University of Pittsburgh ECE 1175
Embedded programming on Raspberry Pi using C/C++/Python/Bash. The course covered design methodology, peripheral interfacing, and operating systems.
Spring 2023
The task for the first lab was to demonstrate the functionality of the Raspberry Pi. To do so, I attached the board to a chassis with two FS90R continuous servos and a wheel for each servo (See lab1_rover.png). I later added a USB webcam to record video. On the software side, I used the python packages pygame, cam, and gpiozero to implement a real-time W-A-S-D control scheme. To reduce servo jittering, I experimented with different gpio factories and settled on the PiGPIOFactory.
Lab 2 focused on utilizing the sensors and actuators of the Raspberry Pi Sense Hat attachment. Animations were done using a 8x8 LED array.

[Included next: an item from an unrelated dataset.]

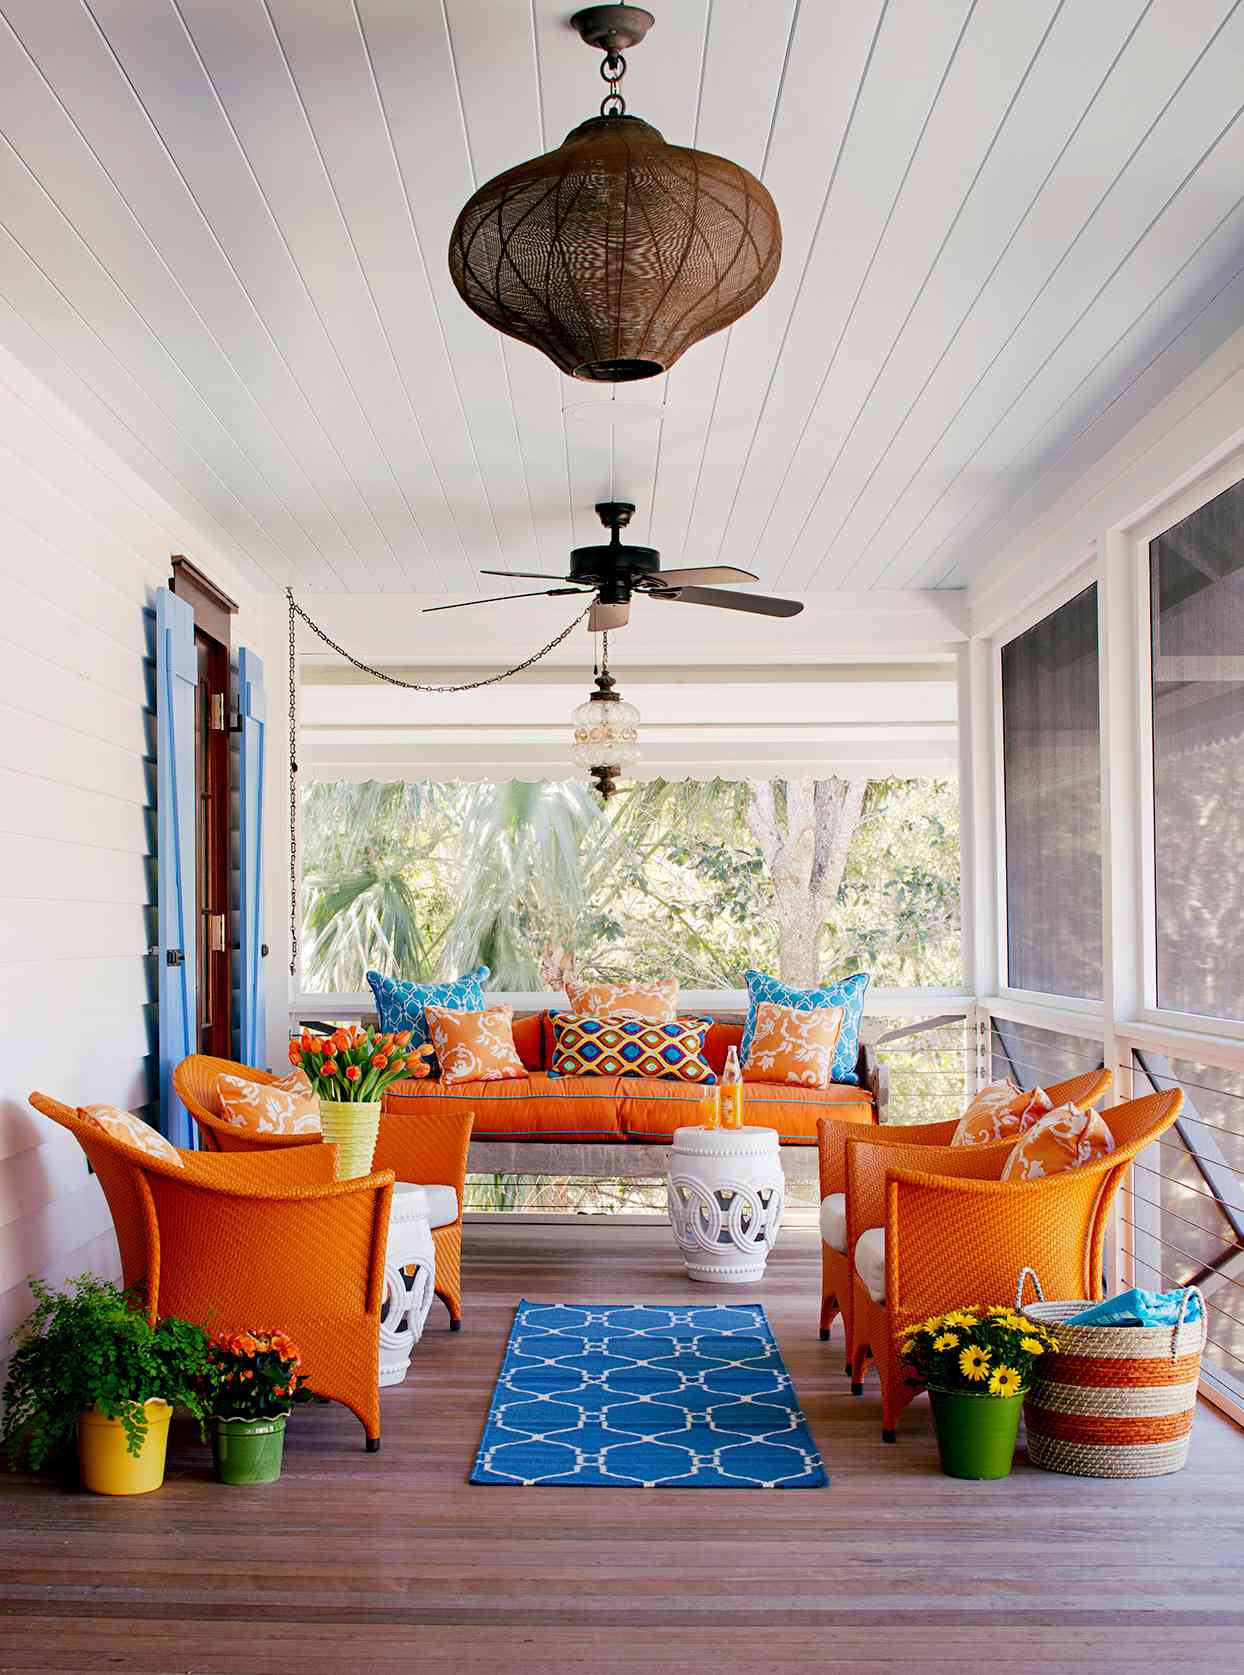 Porch with blue tan theme, chairs, pillows

- Analog clock animation (anim.py)
- Color-changing diagonal animation (diagonal.py)
- An animated line that reacts to gyroscopic changes (gyro_line.py)
- An animation that responds to joystick inputs (joystick.py)
- A repeating timer written in C (timer.c)
For the third lab, I wrote two C++ programs to blink the r/w integrated LED. The first (blink_VFM.cpp) modifies the trigger and blinks the LED using the linux virtual file system. The other one (blink_devmem.cpp) uses the virual memory (/dev/mem) and memory mapping functions to accomplish the same task. In addition, we wrote a code to perform matrix multiplication while optimizing CPU cache usage. We use 'perf' to measure the cache miss rate at runtime.
The tasks for this lab were to simulate ealiest deadline first (EDF) and rate-monotonic scheduling (RMS) and demonstrate multithreading in C++. The simulations (EDF.cpp & RMS.cpp) each simulate two periodic tasks with differing period and execution times. The multithreading program (multithreading.cpp) uses pthread.h and mutex locks to concurrently run two complex tasks on one CPU core.
Lab 5 required us to measure the runtimes of the matrix multiplication program from lab 4 at different CPU frequencies (for results, see matmul_runtimes.png). We also had to write a userspace CPU frequency governor to automatically manage the CPU clock speeds in the background (userspace_governor.py).